The events started in August 2018, when Bitfinex margin long positions began its sharp ascent to include almost two million BTG. The exchange makes its margin data publicly available, which can help gauge the general trader sentiment in a particular coin — for example by comparing the ratio of short and long positions.
In Bitcoin Gold’s case, the strong increase in margin positions was accompanied by lackluster price action. While the coin generally followed the broader crypto market, the price eventually spiraled downward.

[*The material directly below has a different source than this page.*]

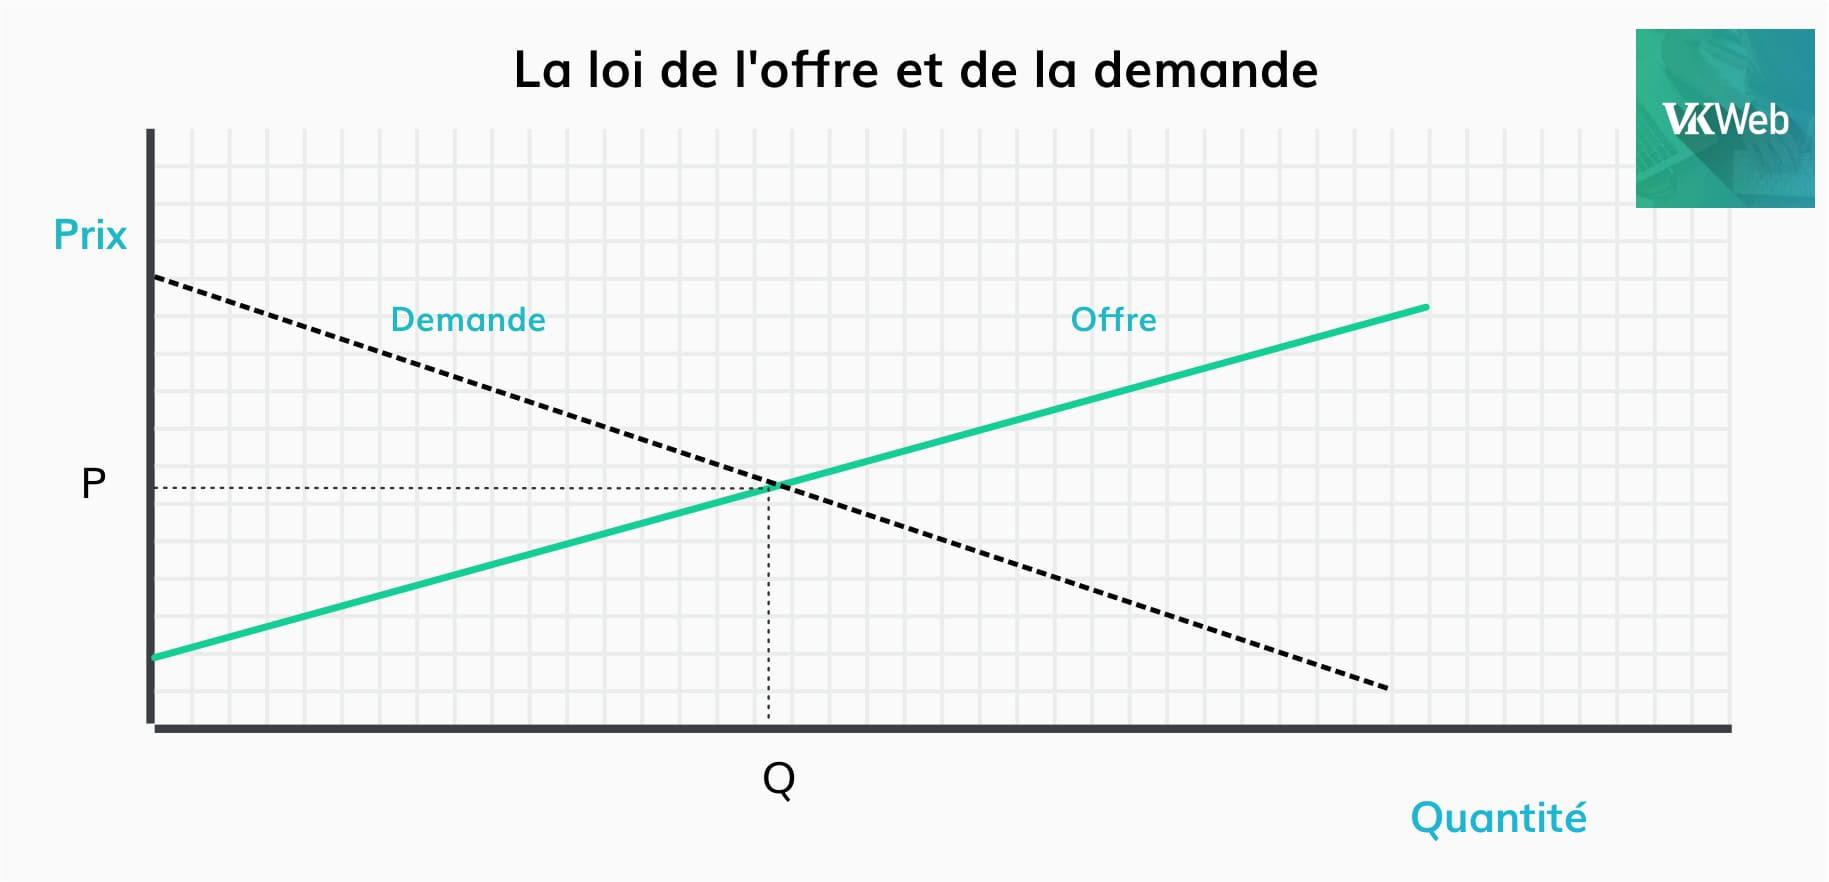 Image 2. La loi de l'offre et de la demande.jpg

The analyst estimated that the 1.9 million BTG held at some point in Bitfinex represents between 38% and 48% of its total circulating supply. Bitcoin Gold was born in 2017 after a network fork from Bitcoin (BTC), thus maintaining its original history up until that point. This means that Bitcoin Gold contains at least as many inactive coins as its parent, including Satoshi’s cache. He further elaborated how he reached that figure:
“Over 11 million Bitcoins (BTC) haven’t moved in the last year. Considering big wallets’ unwillingness to claim their coins due to fear of private key leak for a minimal return, it can be argued that a number even larger than 11 million BTGs are inactive or lost forever.”
He then estimated a figure of 4 to 5 million active BTG. When asked by Cointelegraph why he is so certain that this is the work of one whale, he explained:
“The accumulation was very consistent and systematic over the course of almost a year, it would be almost impossible for it to be a coincidence that multiple entities were using the exact same system to accumulate.”

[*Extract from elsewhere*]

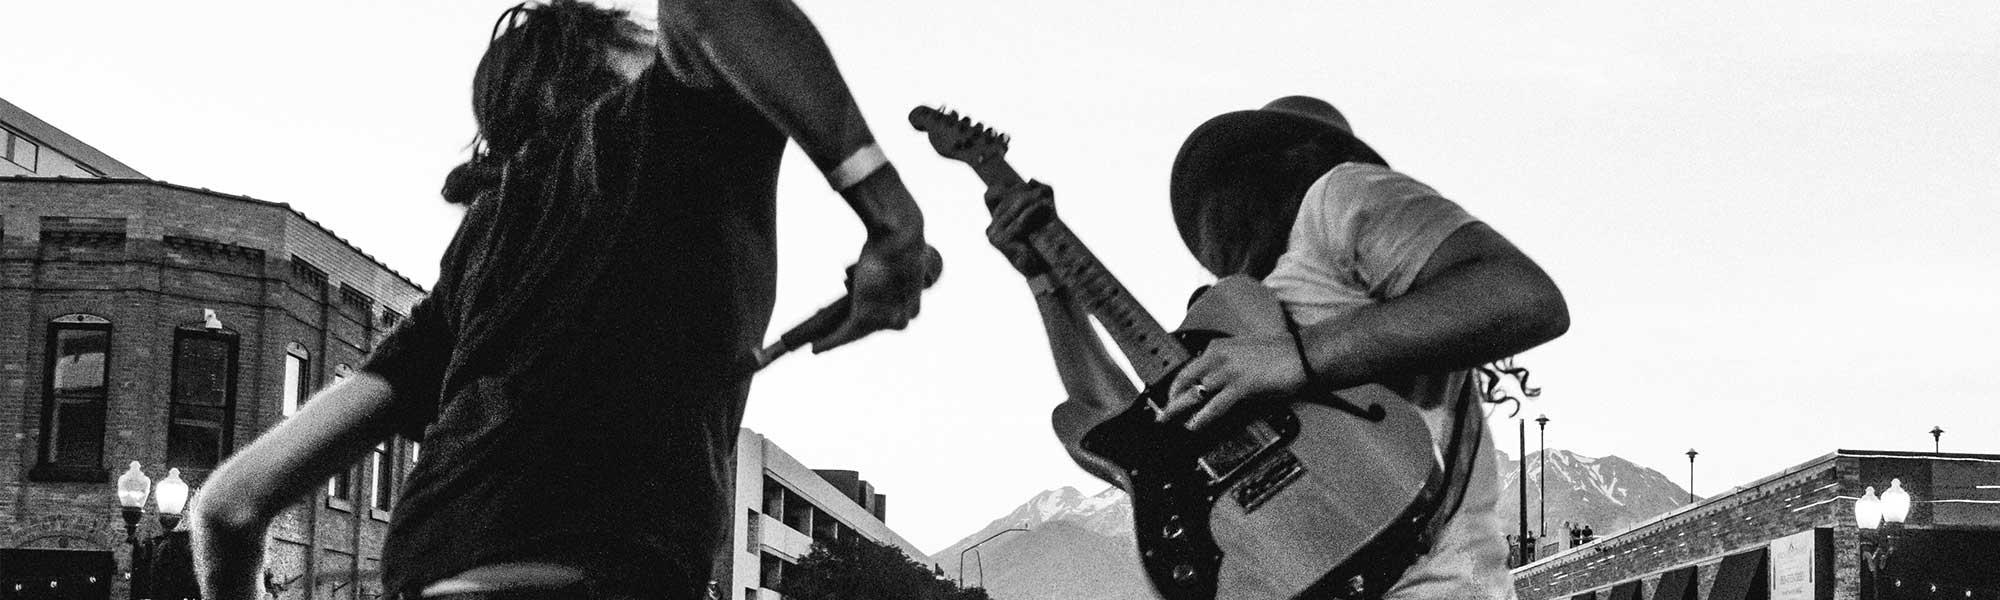 Rockband Baden-Württemberg buchen für Event

DeCurret Partners with KDDI So They Can Test A Digital Currency
As the origin of cryptocurrency, Japan often leads the way when it comes to joint projects between companies in different fields, united by their desire to lead the pack in innovation. E-commerce giant Rakuten partnered with the East Japan Railway Company on June 5 to promote a cashless payment system.
A new collaboration is in progress between the Japanese telecom giant KDDI and crypto exchange DeCurret. According to a Feb. 18 press release, the two companies — in collaboration with au Financial Holdings and WebMoney — will conduct a joint-project to test digital currency issued on a blockchain for real-world transactions.
As part of the implementation for this test, KDDI will make requests to WebMoney to issue and distribute digital currency, while the latter’s parent company au Financial Holdings manages the joint project. DeCurret will take a lead role by providing the platform for both the issuance and management of the digital currency.
The joint-project, which runs from Feb. 18 to Feb. 28, is part of DeCurret’s efforts to increase the range of services on their platform. In this case, the platform will be tested using cryptocurrency for real-world transactions like those at cafes. DeCurrent has come a long way since its launch in April 2019. The crypto exchange has already gotten regulatory approval from Japan’s Financial Services Agency to allow its users to refill the country’s Suica transportation cards by using cryptocurrency.